▶ **Task**:
Reprint all of the data below exactly as shown and skip every image.
*** Information provided Section Begins ***
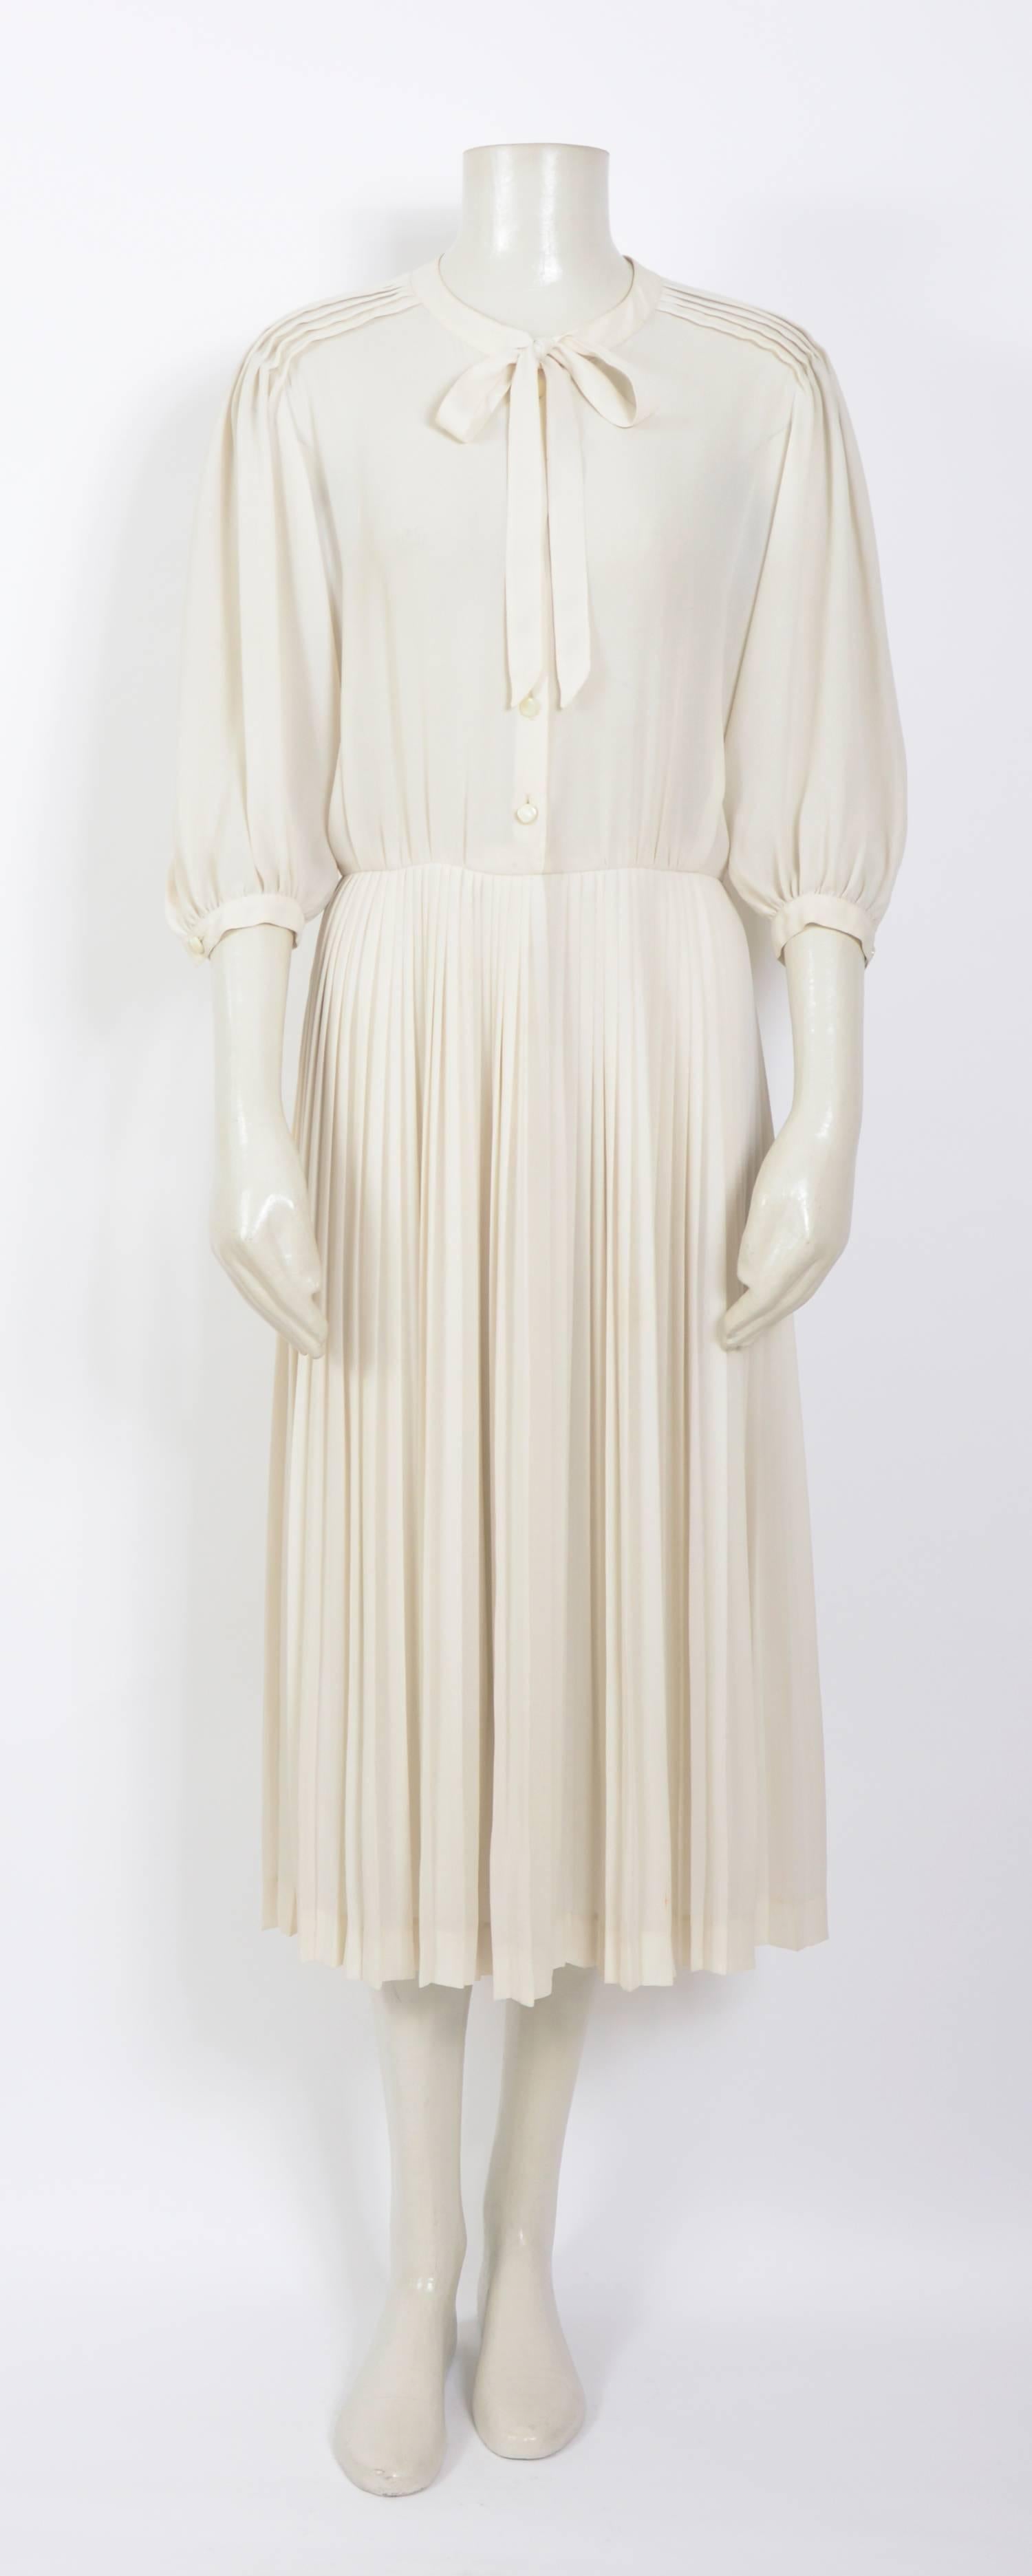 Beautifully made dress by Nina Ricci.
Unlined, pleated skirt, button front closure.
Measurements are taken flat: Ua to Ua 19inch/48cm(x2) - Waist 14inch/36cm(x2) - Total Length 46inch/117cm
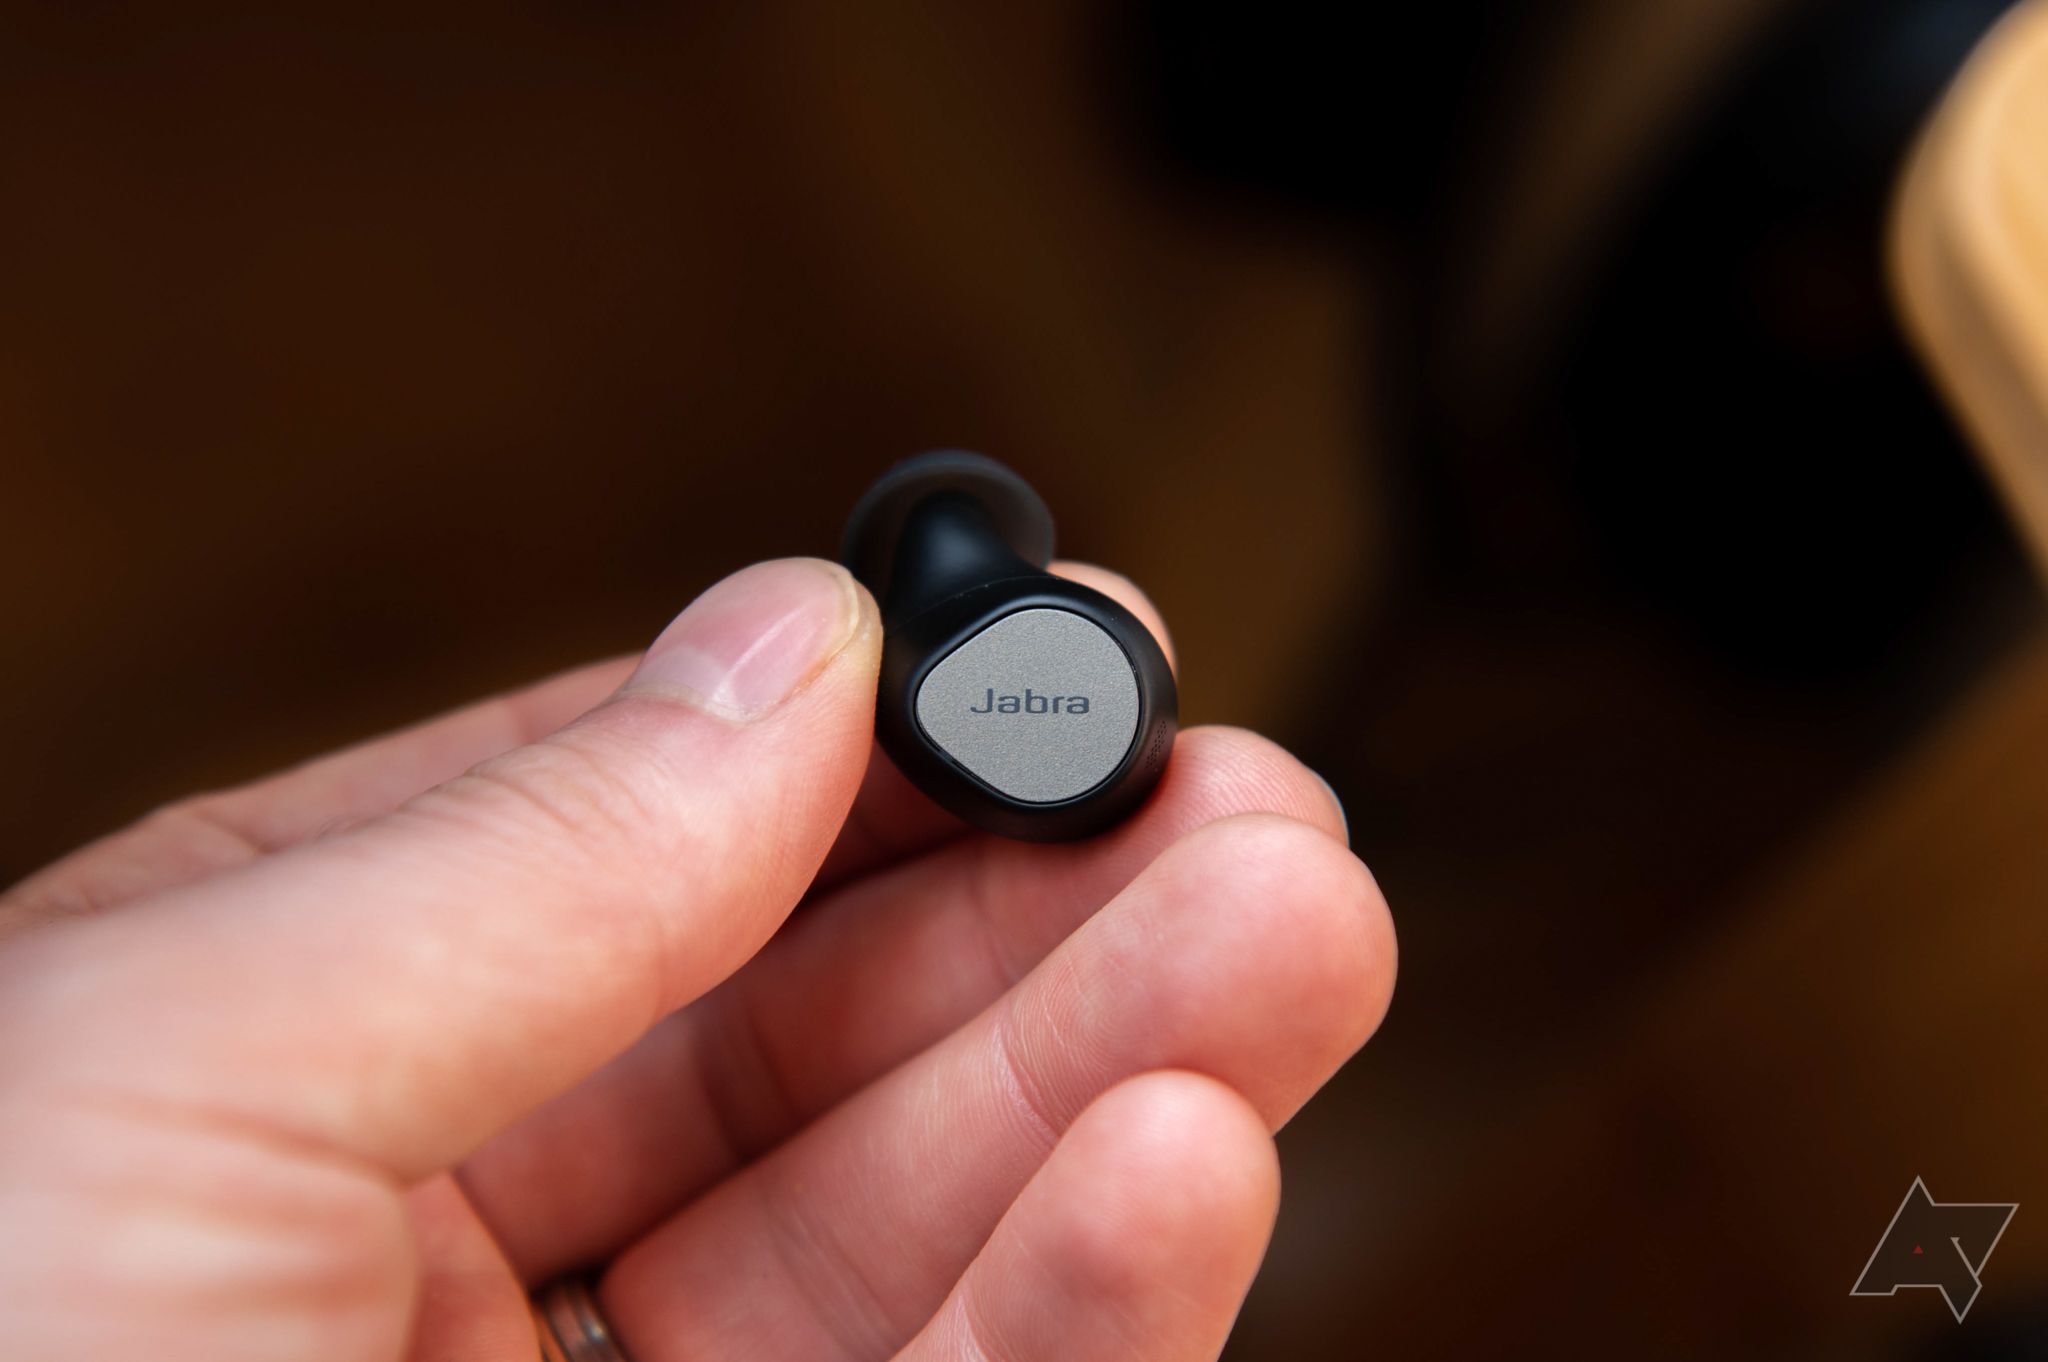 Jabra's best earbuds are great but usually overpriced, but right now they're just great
*** Information provided Section Ends ***
▶ **Written response**:
 Beautifully made dress by Nina Ricci.
Unlined, pleated skirt, button front closure.
Measurements are taken flat: Ua to Ua 19inch/48cm(x2) - Waist 14inch/36cm(x2) - Total Length 46inch/117cm
 Jabra's best earbuds are great but usually overpriced, but right now they're just great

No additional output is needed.